Guide, us O God, to care for the children of our community, so that they know
that black lives and black minds matter. So they receive a quality education,
where gaps are eliminated. So they are not profiled, or arrested for minor,
childish crimes and activities.
Help us to work together – religious leaders, community activists, politicians,
government officials, concerned citizens – to be instruments of your peace,
justice, and love – never repaying violence with violence, but transforming
adversaries and enemies into friends.
May your image, O God, which is deep within our hearts… radiate into our
neighborhoods as we work together to care for creation and not only celebrate,
but co-create beloved community in this city. Amen.
Renewing of Our Minds
O God of all, you desire that we love you with our hearts, souls, strength, and
minds, and our neighbors as ourselves. We come together this day to celebrate
our beloved community and to remember the legacy of Rev. Dr. Martin Luther
King, Jr. and the civil rights movement. Dr. King proclaimed, paraphrasing the
Apostle Paul, “we should be transformed, nonconformist, through the renewing
of our minds.”
O God of all, we give you thanks for African American inventors, like McKinley
Jones and Valerie Thomas, who transformed our society through the renewing of
their minds. We give you thanks for your call to us to be beloved community,
where black lives and black minds matter.
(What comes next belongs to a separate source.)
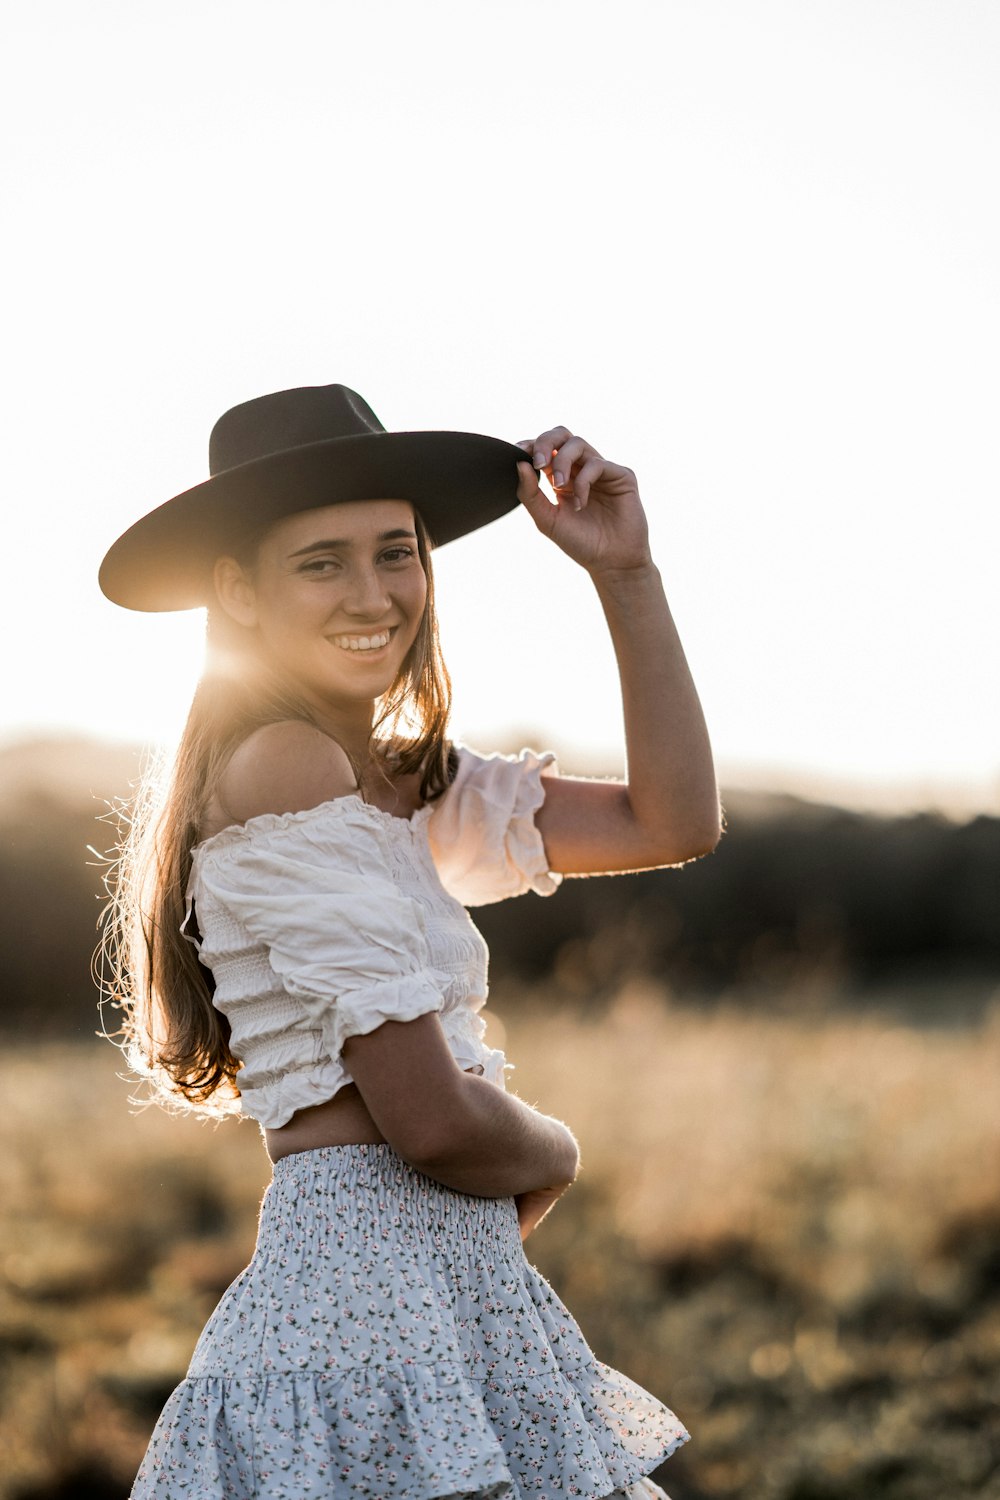 a young girl wearing a cowboy hat in a field

We give you thanks for the new
playground equipment – for the insights, creativity, and the legacy of lived
experience that inspired it, and the for children who will renew their minds as
they play upon it.
O God of all, guide this community to “lift their voices and sing – sing of the faith
that the dark past hast taught, sing of the hope that the present has brought.”
Guide us to sing, as African Bishop St. Augustine taught, “not in order to enjoy a
life of leisure, but to make our journey more enjoyable. Sing, but keep going.”
Guide us, O God of all, to sing and to celebrate, and to keep going – keep reenvisioning our parks; keep closing the educational gaps in our schools; keep
loving our neighbors, and our adversaries and enemies too; keep building bridges
among our neighborhoods; keep transforming our communities (even through
non-violent non-conformity); keep renewing our minds. Amen.